Der Geschlechterunterschied bei Gesundheit und Risikoverhalten bleibt trotz der gesellschaftlichen Entwicklung hin zur Gleichberechtigung bestehen. Dies belegen auch die Resultate der von Sucht Schweiz durchgeführten Schweizer HBSC-Studie.
Die Geschlechtergrenzen schienen fast überwunden und das Verhalten von Mädchen und Knaben immer ähnlicher. Wenn man den Medienberichten glaubt, ist Trunkenheit bei Frauen kein Tabu mehr. Daten aus der Schweiz zeigten sogar auf, dass sich der Konsum von Alkohol und Cannabis bei Mädchen und Jungen in Zukunft angleichen würde.
Die neusten Zahlen widerlegen diese Annahme. Statt einer Angleichung treten die Unterschiede zwischen Mädchen und Jungen deutlich zu Tage, und dies sowohl auf internationaler als auch auf schweizerischer Ebene.
Was ihre Gesundheit betrifft, verhalten sich gemäss dem im Mai veröffentlichten internationalen HBSC-Bericht der WHO die Jungen und Mädchen aus den 39 teilnehmenden Ländern unterschiedlich. Mehr Mädchen legen ein gesundes Verhalten an den Tag, wenn es z. B. darum geht, Früchte zu essen, die Zähne zu putzen und Softdrinks nur massvoll zu konsumieren. Jungen nehmen öfter risikoreiche Verhaltensweisen an. Sie sind nahezu systematisch in der Mehrzahl, wenn es um Rauchen, Alkohol- oder Cannabiskonsum geht.
In der Schweiz zeigt sich dieser Unterschied in den Zahlen der 2010 von Sucht Schweiz durchgeführt HBSC-Studie deutlich. Die neuste Entwicklung beim Substanzkonsum belegt sogar, dass sich der Unterschied zwischen Mädchen und Jungen vergrössert hat.
Diese Konsumzahlen stehen für unterschiedliche Realitäten, Sorgen und Motive, wie viele Studien dargelegt haben. Diese Studien zeigen, dass Mädchen im Vergleich zu Knaben allgemein von ihren Eltern stärker beaufsichtigt werden. Sie konsumieren eher, um mit Schwierigkeiten umzugehen (Bewältigungsmotive), sind introvertierter und stören seltener die öffentliche Ordnung, was sie für die Prävention weniger sichtbar macht. Jungen sind mehr auf Leistung und Anerkennung durch andere aus, und sie reagieren sensibler auf Gruppenzwang. Die Stärkung von Kompetenzen, mit diesem Druck umzugehen, nein zu sagen und Selbstvertrauen zu entwickeln ist ein wichtiger Präventionsansatz.

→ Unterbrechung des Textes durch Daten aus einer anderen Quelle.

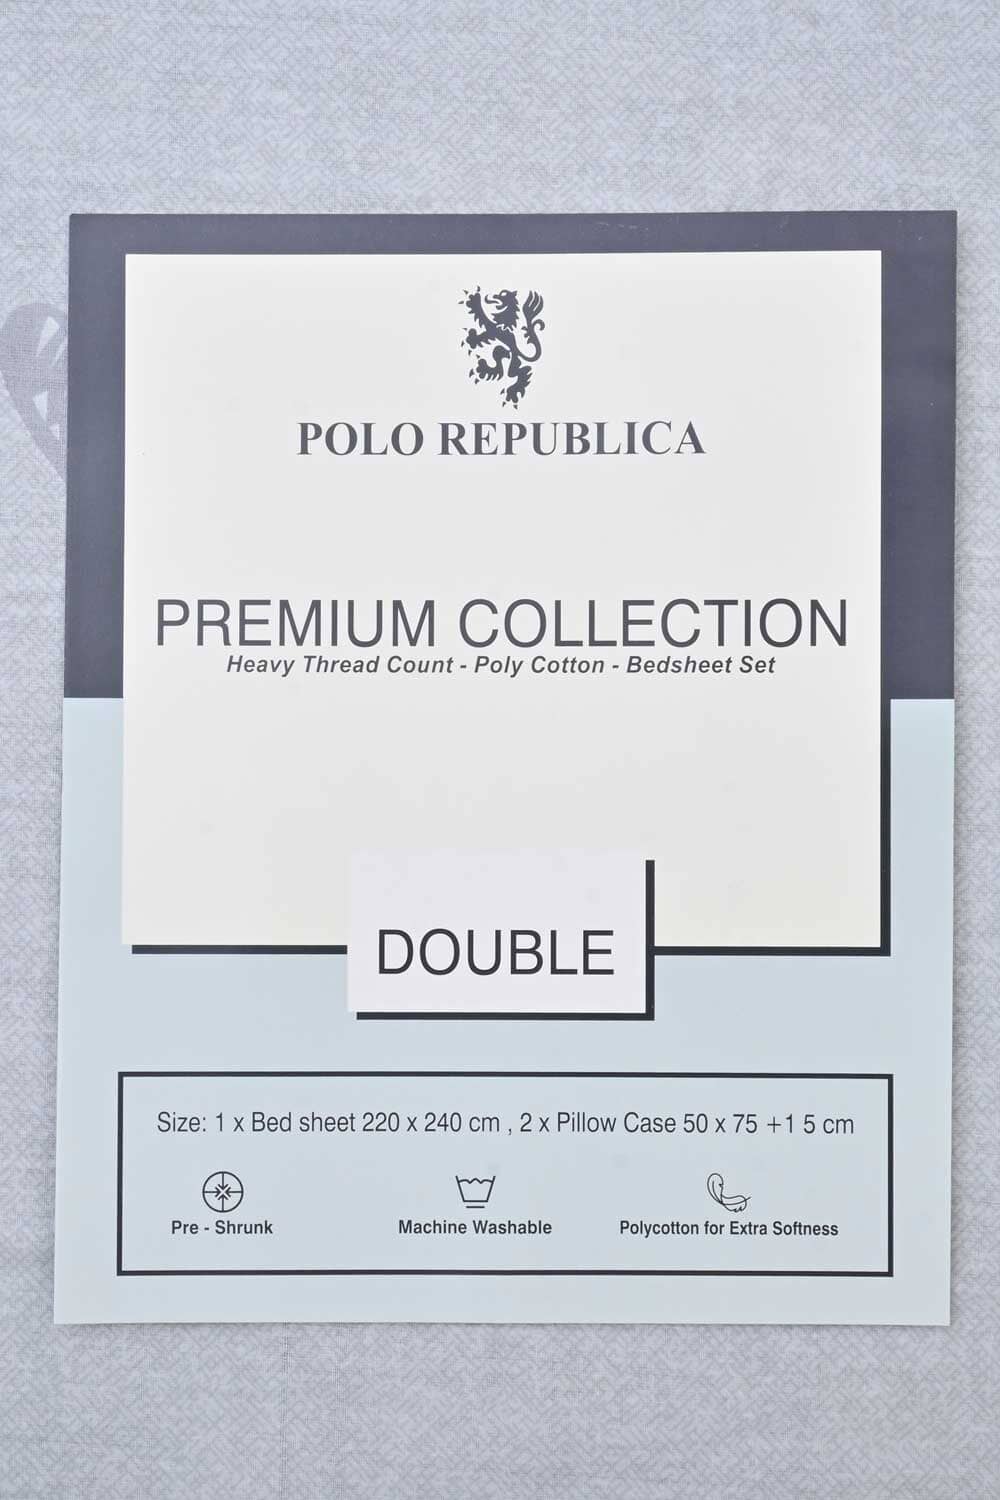 Polo Republica Phoenix Premium Collection 3 Piece Double Bed Sheet Bed Sheet Fiza

Die Berücksichtigung der Unterschiede zwischen Mädchen und Jungen kann die Wirksamkeit von Präventionsmassnahmen erhöhen. Das individuelle Verhalten der Jugendlichen muss innerhalb des soziokulturellen Kontextes, in dem sie aufwachsen, beachtet werden (z. B. die soziale Definition, was ein «richtiger Mann» oder eine «richtige Frau» ist), um die Weichen für eine Veränderung im Konsumverhalten richtig zu stellen.
Eine geschlechterspezifische Prävention muss daher besondere Massnahmen entwickeln, um auf die Bedürfnisse einer jeden und eines jeden eingehen zu können. Die Möglichkeit für Mädchen und Jungen, sich bei Präventionsveranstaltungen getrennt äussern zu können, ist beispielsweise ein wichtiger Schritt, der diese Unterschiede berücksichtigt, weil jede und jeder sich freier fühlt, sich vor ihresgleichen bzw. seinesgleichen mitzuteilen.
Gemäss dem aktuellen Wissensstand stellt die Integration der geschlechterspezifischen Unterschiede und ihrer soziokulturellen Wurzeln eine Herausforderung an die Präventionsfachleute, die nicht umgangen werden sollte. Eine geschlechterspezifische Prävention ist relevant, weil das Gesundheitsverhalten von Jungen und Mädchen unterschiedlich ist Mädchen und Jungen haben nicht das gleiche Konsumverhalten. Die Zahlen sprechen Bände, doch sind es die individuellen Motivationen und Bedürfnisse, denen die Präventionsfachleute besondere Aufmerksamkeit schenken sollten.